Abstract
Purpose
This study aims to identify the location of the micropyle, the role of the micropyle in seed germination and the association between the micropyle size and seed weight of grass peas.
Design/methodology/approach
First, the micropyle was identified by cutting the seed in half and observing the seeds under the electron microscope. Second, the micropyle was covered by lanolin to block water imbibition. The rate of imbibition and germination was then observed. Lastly, micropyle sizes of various grass pea genotypes were identified by capturing seed images under a light microscope and converting the sizes to mm2 using computer software (ImageJ).
Findings
The location of micropyle was located nearby the hilum, similar to soybean seeds. Seed imbibition was significantly lower in lanolin application (<87%) than in the control (>124%) after 24 hours of submergence. Germination was a day delay for lanolin application on the micropyle compared to lanolin application on the non-micropyle. The germination delay resulted in a significantly lower germination percentage at <57% on the micropyle lanolin application than at >79% on the non-micropyle lanolin application after 10 days of sowing. There is no correlation between the micropyle size and seed weight.
Originality/value
These findings add information on the location and the role of the micropyle for grass pea seed germination.
Keywords
Citation
Wiraguna, E. (2023), "The role of micropyle for grass pea germination", Arab Gulf Journal of Scientific Research, Vol. ahead-of-print No. ahead-of-print. https://doi.org/10.1108/AGJSR-01-2023-0015
Publisher
:Emerald Publishing Limited
Copyright © 2023, Edi Wiraguna
License
Published in Arab Gulf Journal of Scientific Research. Published by Emerald Publishing Limited. This article is published under the Creative Commons Attribution (CC BY 4.0) licence. Anyone may reproduce, distribute, translate and create derivative works of this article (for both commercial and non-commercial purposes), subject to full attribution to the original publication and authors. The full terms of this licence may be seen at http://creativecommons.org/licences/by/4.0/legalcode
Introduction
Grass pea (Lathyrus sativus L.) is one of the important legume crops in Bangladesh, Ethiopia and Pakistan (Benková & Žáková, 2001; Campbell et al., 1994; Tadesse & Bekele, 2001; Yigzaw et al., 2001). Grass pea contains high protein in seeds higher than chickpea (Cicer arietinum L., ∼18%) and similar to that of field pea (Pisum sativum L.) and faba bean (Vicia faba L.) (Yan et al., 2006). Grass pea is also reputed to be tolerant to abiotic stresses such as flooding and low soil fertility (Benková & Žáková, 2001; Campbell et al., 1994; Tadesse & Bekele, 2001; Yigzaw et al., 2001).

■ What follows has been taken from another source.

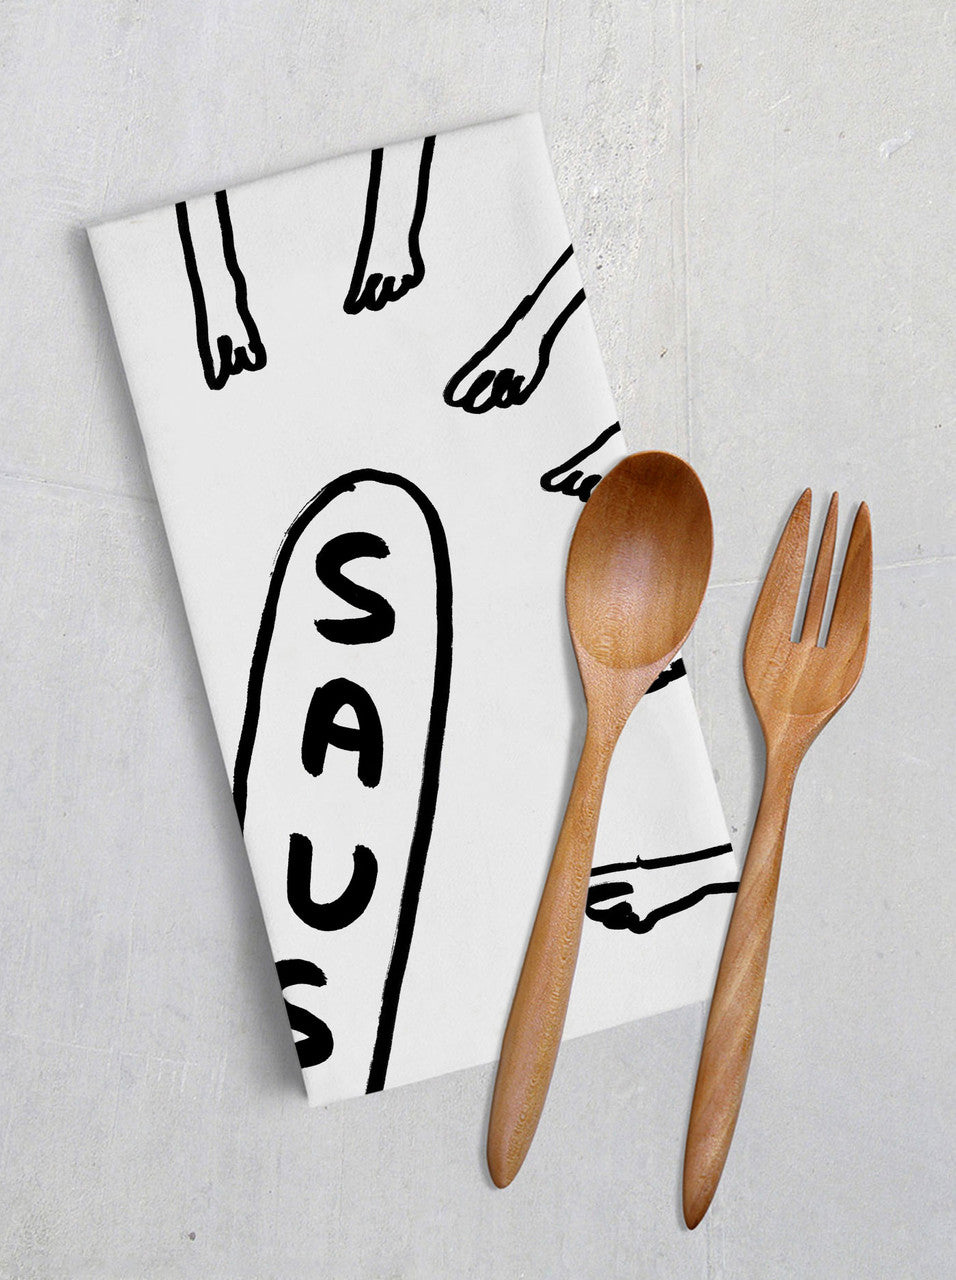 A white tea towel with a black outlined illustration of many hands pointing to a sausage. The sausage is the outline shape with the word SAUSAGE in block capitals. This is a lifestyle image with the tea towel folded alongside wooden kitchen implements.

Solute imbibed into seeds (imbibition) is through the micropyle and/or seed coat (Manohar & Heydecker, 1964; Edelstein, Corbineau, Kigel, & Nerson, 1995; Munz et al., 2017). In seeds of Cucumis melo (melon), solute imbibes into the seeds through the micropyle, and the seed coat shown by intercellular spaces on the outer layer of the seed coat (Edelstein et al., 1995). However, when there are no intercellular spaces in the outer layer of the seed coat, the imbibition is only through micropyle as shown in seeds of Geranium carolinianum (Gama-Arachchige, Baskin, Geneve, & Baskin, 2011). However, the information on the imbibition pathway of grass peas is still unknown.
A micropyle is a small pore in the seed coat of ripe seeds that allows water and oxygen to enter during germination (Manohar & Heydecker, 1964; Munz et al., 2017). In Rhus sp. and G. carolinianum, the micropyle is located at the tip of the seed nearby the hilum and acts as the primary site of water absorption (Li, Baskin, & Baskin, 1999; Gama-Arachchige, Baskin, Geneve, & Baskin, 2010; Munz et al., 2017). The germination process in seeds begins with the absorption of water by the micropyle, which leads to the activation of enzymes that break down the stored nutrients and release the energy necessary for the growth of the embryonic axis (Bewley, 1997; Munz et al., 2017). Therefore, the micropyle is a critical structure for successful germination and early seedling growth. However, there is no information on the micropyle location of grass pea seeds.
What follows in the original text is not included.